Unfortunately, no network has had the nerve to brush the cobwebs off of this film.
It’s a comedy about immigration, and we can’t do comedies about immigration anymore!
The main plot is this: the Federal Government orders Idaho to accept one million Pakistani immigrants.
The Idaho Governor (Beau Bridges) objects, and a second Civil War results.
(My husband and I own a DVD of the film.)
Speaking of “sizzle,” one of the reasons that Trump was elected in 2016, was that people were tired of voting year after year, and seeing no real change in our unjust systems.
On November 18th, 2025, survivors of Epstein-Maxwell abuse gathered outside the Capitol.
They spoke of being ignored by five different administrations.
Several women mentioned contacting the FBI, and the Justice Department, and not being listened to because mere women were accusing rich and powerful men.
Trump reminds me of the big green head in 1939’s The Wizard of Oz.
Trump is the head, and the people who wrote Project 2025 are Professor Marvel (the person behind the curtain).
Trump has never been an “idea man.”
When pressed for an agenda, he rails against his enemies, blames other people, and lies that he has a “concept of a plan.”
During his November 2, 2025, 60 Minutes interview, with Norah O’Donnell, Trump actually said that he didn’t know the billionaire cryptocurrency founder (Changpeng Zhao), who he’d pardoned just a few days before!
Does Trump truly believe that ignorance makes actions OK?
I’ve been unable to trace it back, but a few days after Trump took office, in 2016, one pundit said that he’d never realized (until that election) how many Americans simply didn’t care if the world “blew up.”
I keep going back to this memory over the past nine years.
Why did so many people want something (anything, anyone) to shake up the status quo?
Weren’t they worried about the nuclear football?
Couldn’t they see that Trump just cared about himself?
Is America mainly a nation of gamblers?
I guess that would make sense.
Most of our ancestors—at least the ones who came here willingly—gambled with their lives as they made their way to these shores.
They gambled that the ads published in European newspapers (promising streets paved with gold) would be accurate.
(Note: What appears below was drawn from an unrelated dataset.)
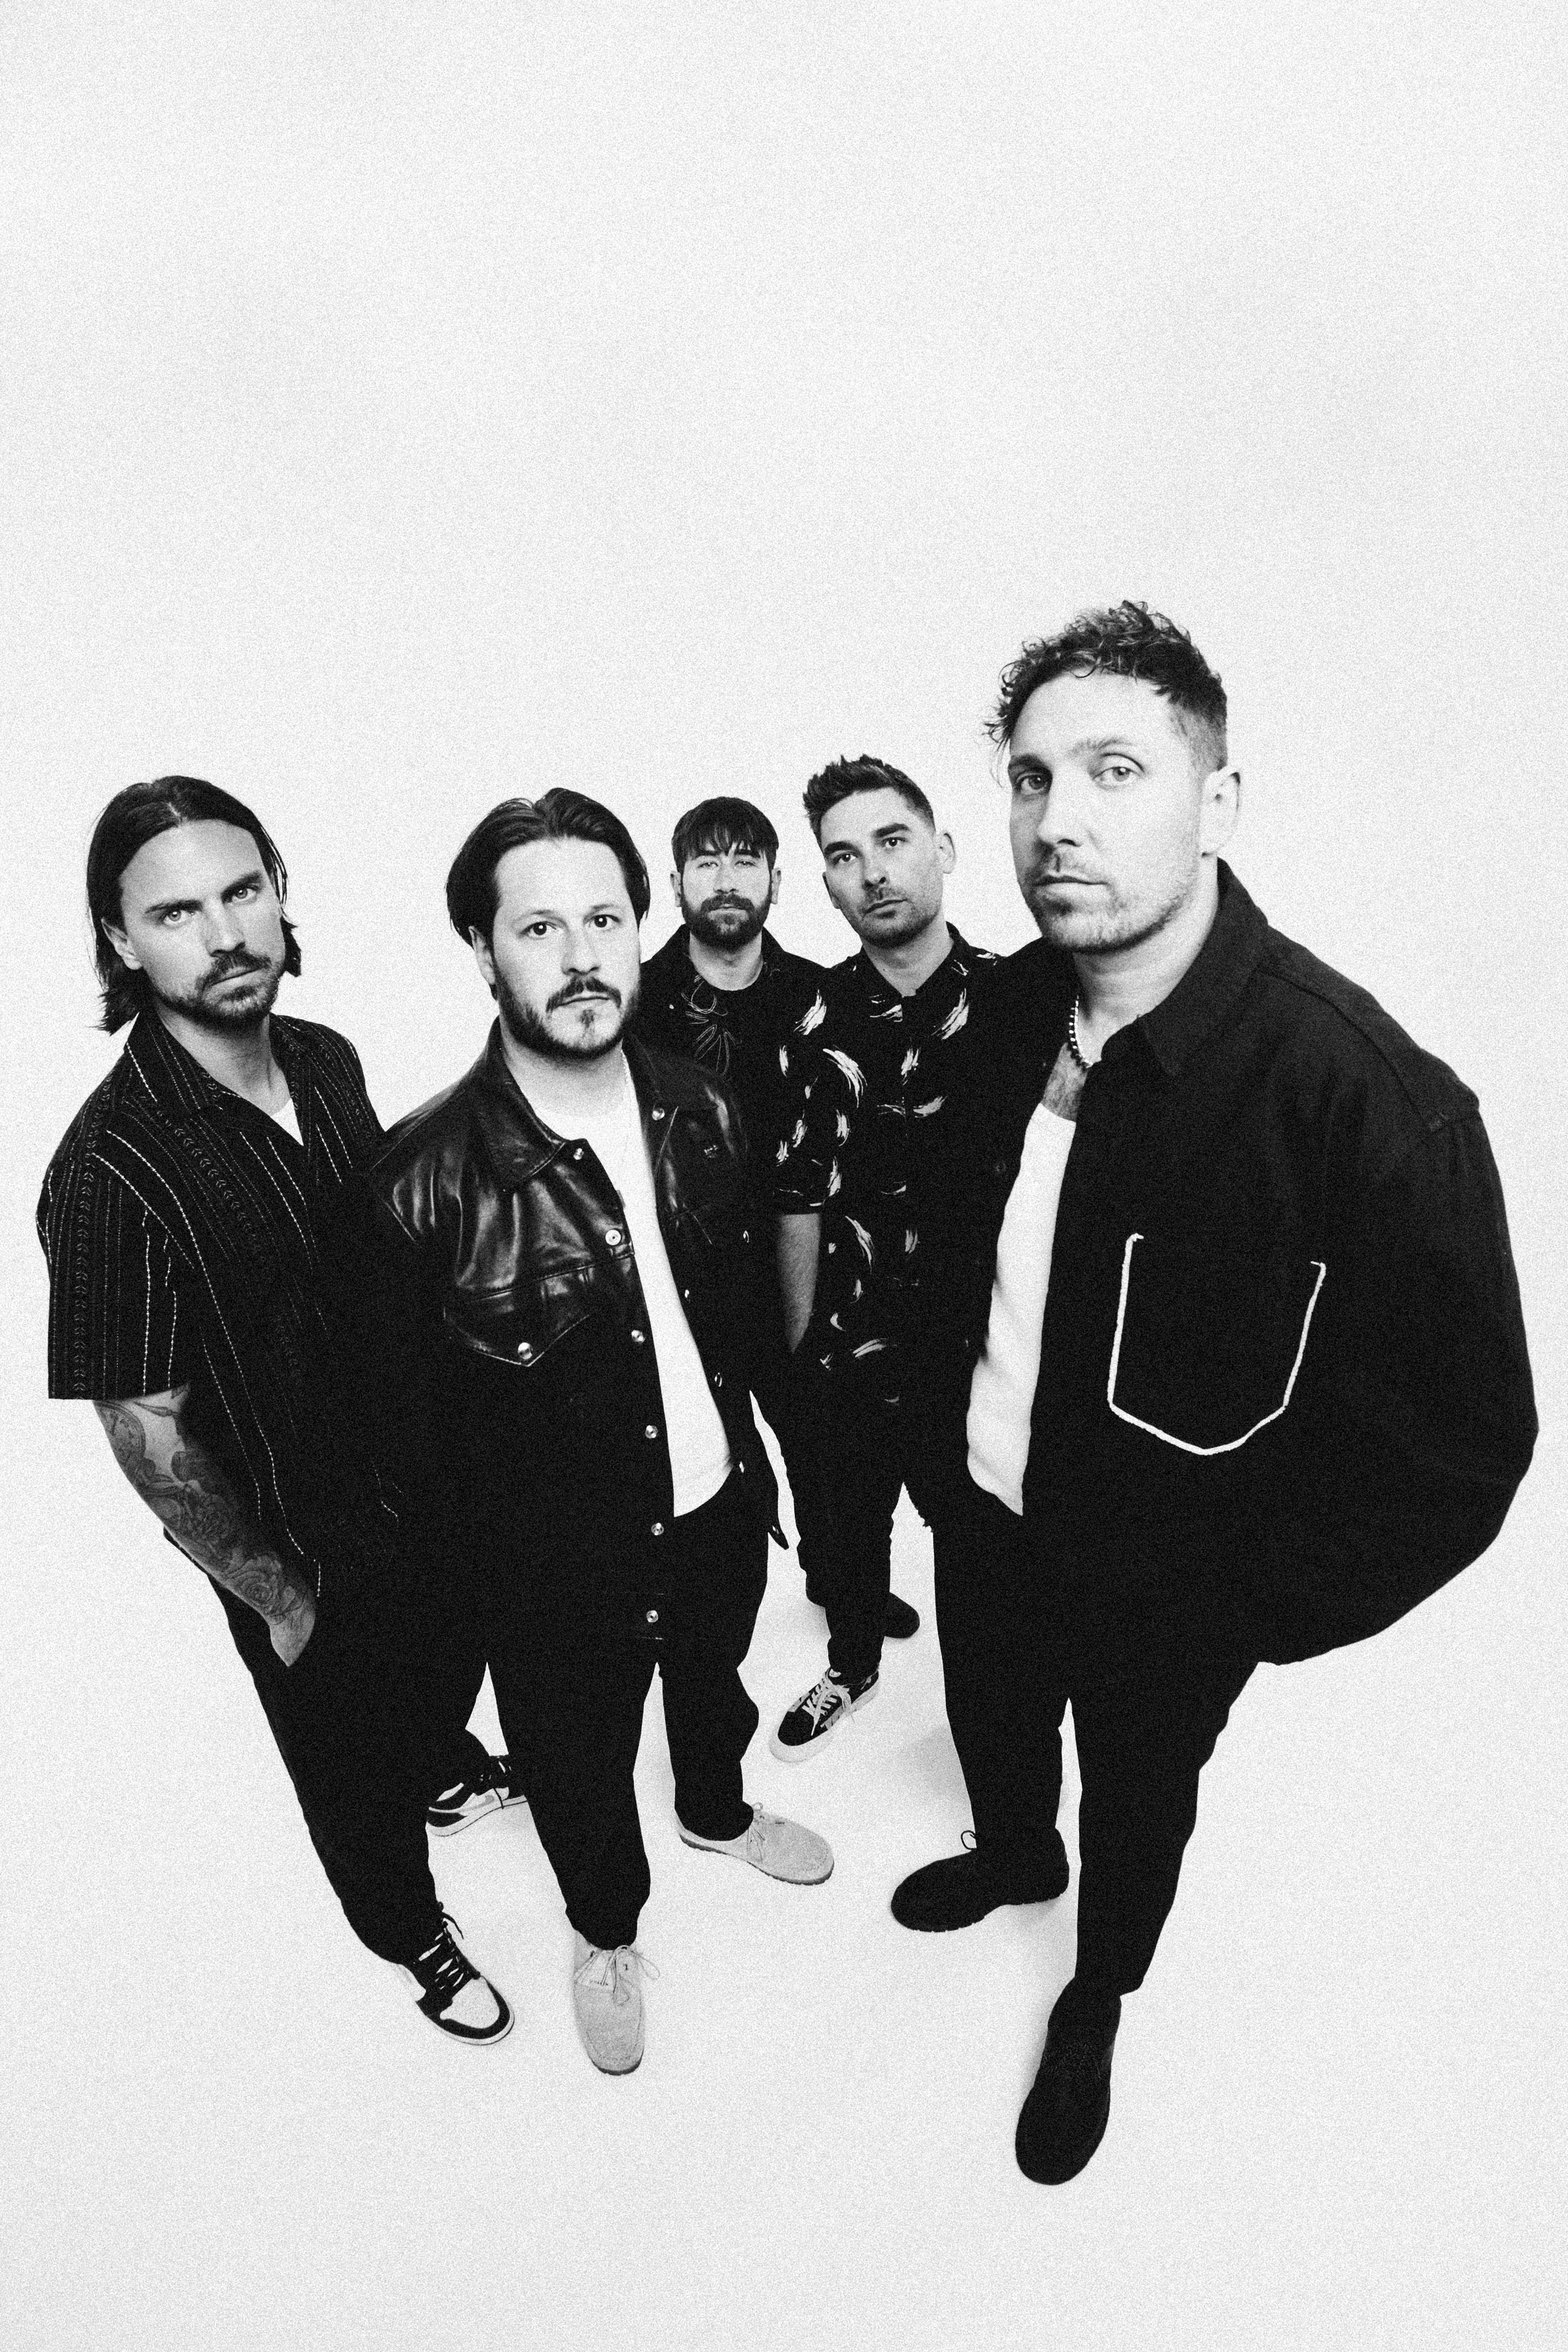 You Me At Six - the Final Nights of Six pre-sale password for legit tickets in Newcastle Upon Tyne

They gambled on surviving, as they traveled from Boston to California in wagon trains.
Men and women gambled that they wouldn’t die of diphtheria, or dysentery, or scarlet fever.
Women gambled that they wouldn’t die in childbirth, or starve to death.
Why are Canadians not gamblers?
Why are they not as divided, and not as violent, as Americans?
Is it because most of their population came to Canada for safety, and for land?
Is it because Canada’s population is so much smaller in proportion to its’ land mass?
Is it because the Canadian climate is colder?
Is it because Canadians are more likely to be bilingual?
(The official languages of Canada are English and French.)
Is Canada so different from the US because Canada has never been dependent on slavery, and the tainted wealth that slavery brought?
Upper Canada ended slavery in 1793.
It’s estimated that there were only about 4,000 African slaves in Canada, when Canadian slavery was totally abolished in 1834.
Volume 5 of the 1997 Collier’s Encyclopedia (page 268, in the “Canada” article) postulates that: “Canadians have shown a persistent desire to not become Americans.”
While Americans talk about being “a melting pot,” many Canadians have viewed their country as “a mosaic.”
Canadian citizens (except Inuits, and other native groups) have been encouraged to keep their ethnic individuality.
I much prefer the concept of a mosaic, over that of a melting pot.
Of course, like all countries, Canada has not been free of ethnic conflicts, or of racism.
Native groups have been oppressed and discriminated against.
In the 1990’s, French-Canadian citizens still tended to make less money than non-French-Canadian citizens.
Although most Canadians consider themselves “middle-class,” there are still class divisions, as well as a gap between the rich and the poor.
Americans have long been different from Canadians, however, in that they tend to be more materialistic, more violent, and “better” risk-takers.
Another difference between the U.S. and Canada is that there were no “heroic thieves” (like Billy the Kid, and the Sundance Kid), or a “Wild West,” in the Canadian national mythology.
Instead, Canada was the place where Paul Bunyan was born, and wild creatures like Sasquatch or Wendigo roamed the forests.
The question comes down to this: Are Canadians generally a touch more conservative, less materialistic, and less “sensation-seeking,” than Americans?
* The Second Civil War (the 1997 HBO film), is close in title (at least) to Alex Garland’s 2024 thriller Civil War, that starred Kristen Dunst. Although the two films have a few things in common, they are polar opposites in terms of sensibility. Both films are about another Civil War, but in the current time period. Both films also feature news journalists (and a U.S. President) as main characters.